Изменить стиль страницы

Сколько раз, засыпая, он видел её удивительно тонкое, усталое лицо. Даже не лицо, а только профиль, облитый ярко-белым электрическим светом. Даже сейчас, забывшись, он почти увидел её, сидящую на высоком стуле перед пишущей машинкой. Пальцы матери быстро носятся по клавишам, глаза скошены на рукопись, укрепленную на подставке. Закончив очередной лист, она левой рукой привычно закладывает за ухо мешающую прядь волос, а правой ставит на подставку следующий лист. Иногда она оборачивается к нему и улыбается…

Погруженный в свои воспоминания, он даже не удивился, когда, повернув голову, наткнулся на глаза, смотрящие на него так, как…

Пойманная с поличным, Этьена быстро перевела взгляд чуть левее и выше, туда, где на стене висели часы.

«Устала, – прислушиваясь к мерным ударам маятника, решил Доре, – если уж хозяйка так смотрит на часы, то гостям пора убираться. А жаль! Получился отличный вечер».

– …я ему говорю…

Не закончив фразу, Симон проделал какой-то пас руками и захохотал.

– Гаспар! Ты его помнишь?

Не прерывая танца, Гаспар дернул локтем и крепче прижал к себе Мадлену.

– Ну, хоть ты-то его помнишь?! – не добившись ответа от брата, Симон с надеждой развернулся к Этьене.

– Да, – лаконично ответила она.

– Вот! И что ты думаешь?

– Ничего, – не желая поддерживать разговор, она нервно протянула руку к бокалу.

«У неё очень красивая кисть, – настроенный на созерцательный лад, всё так же лениво отметил Доре, – почти, как у мамы… и пальцы такие же тонкие… только у мамы кончики были сплющенные, а у неё…»

Девушка поспешно отдернула руку и сжала пальцы в кулак.

«Нервничает она, что ли? – удивленно отметил Доре, – дергается… глаза прячет…»

Стряхнув с себя лень, он внутренне подобрался и стал осторожно, боясь спугнуть, наблюдать.

«Точно. Она явно не в своей тарелке… но не хочет показывать… похоже, что и Симон это видит, поэтому и балагурит. Пытается отвлечь внимание на себя… Симона она не слышит… черт, что бы это значило?»

– Нам надо поговорить.

Завершив танец, Гаспар проводил Мадлену к столу и еле заметно указал Жану головой на дверь.

– Да.

Почему-то смущаясь, торопливо поднялся Доре.

– Пошли в библиотеку.

– Пошли.

В библиотеке он выложил на стол пачку бумаг:

– Здесь твои новые документы.
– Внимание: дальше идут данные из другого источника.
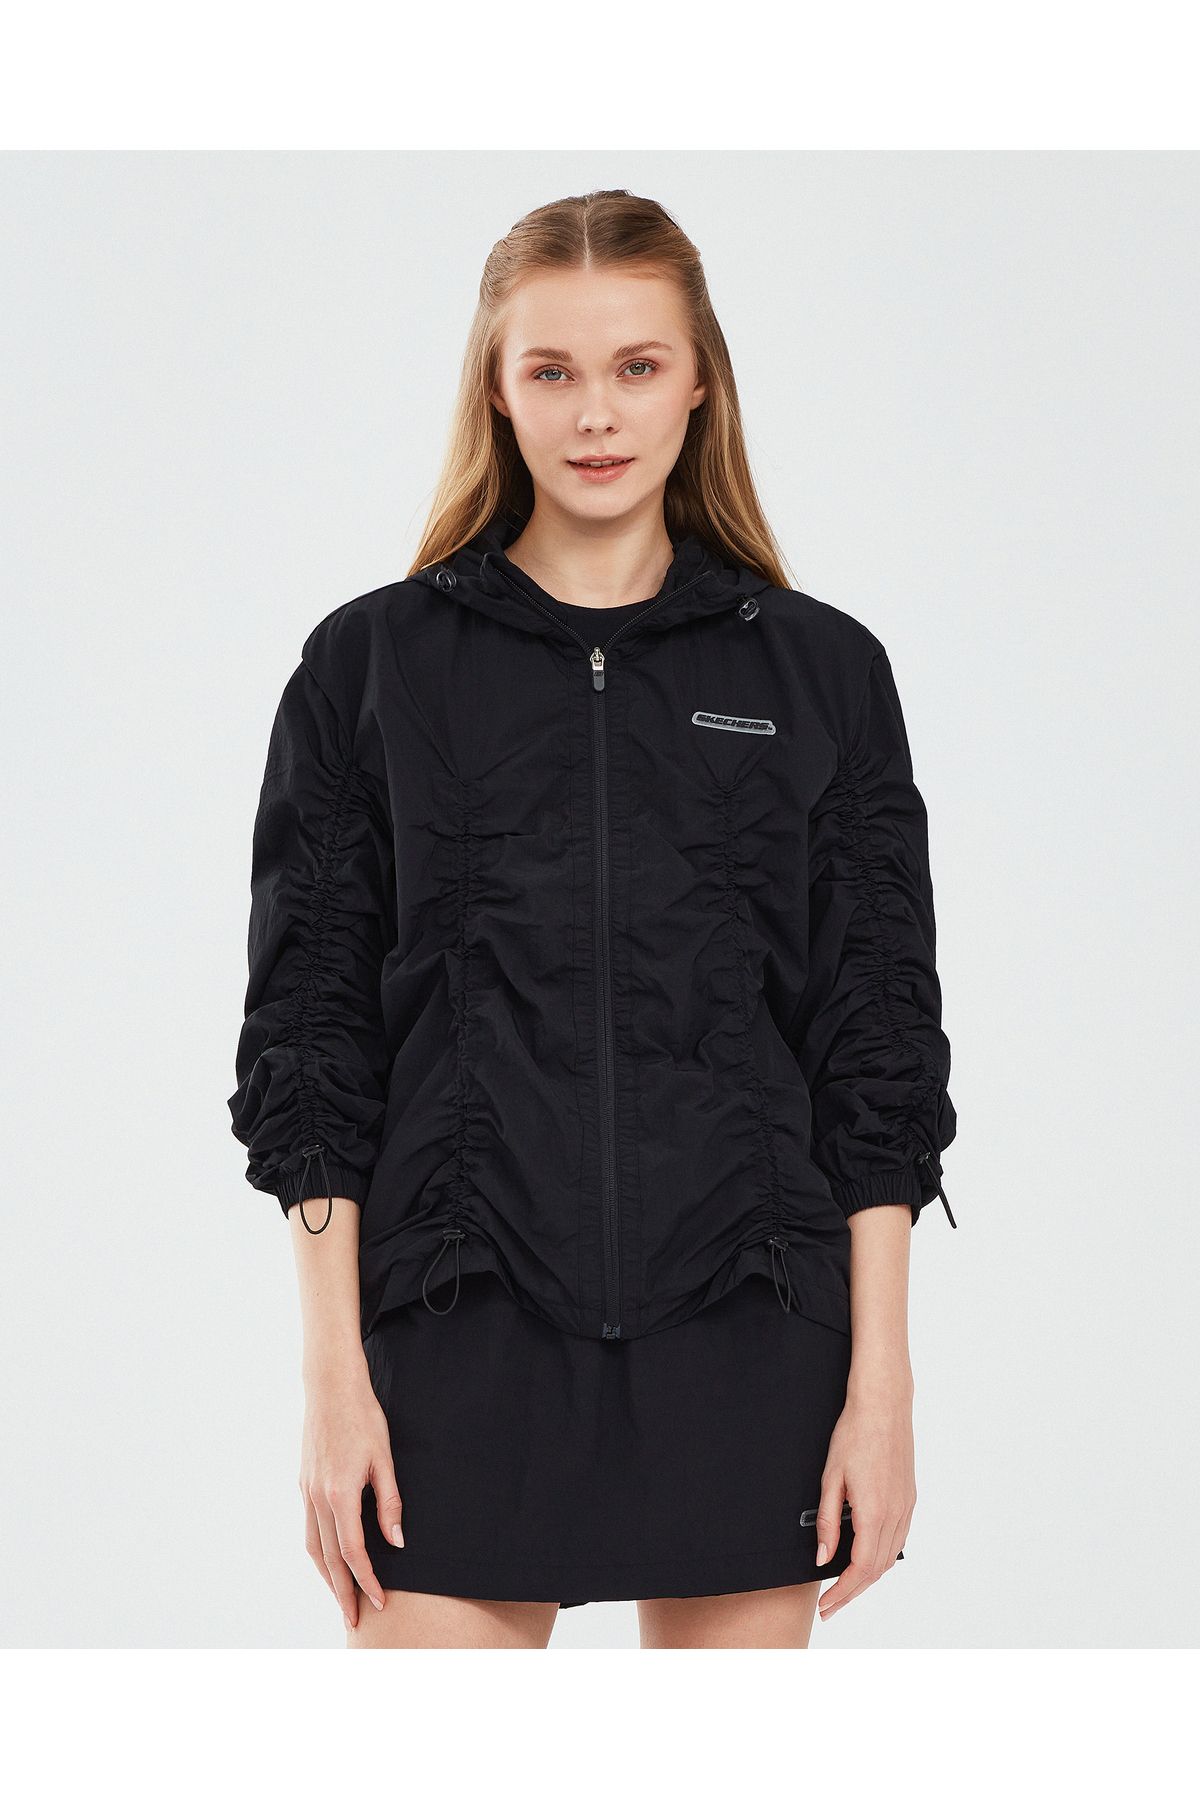 Skechers Micro Collection W Hooded Jacket Kadın Siyah Ceket S241094-001

И деньги. Когда поправишься окончательно, подумаем, как быть дальше.

«Быстро сработали, – созерцая стопку документов, с невольным уважением подумал Доре, – Гаспар фотографировал меня всего несколько дней назад, – он протянул руку и взял со стола паспорт, – как настоящий, – быстро пролистал страницы, – действительно, как настоящий. Если бы я не знал, что это фальшивка… – теперь он медленно пролистал страницы в обратную сторону, – чистая работа… даже печати и штампы…»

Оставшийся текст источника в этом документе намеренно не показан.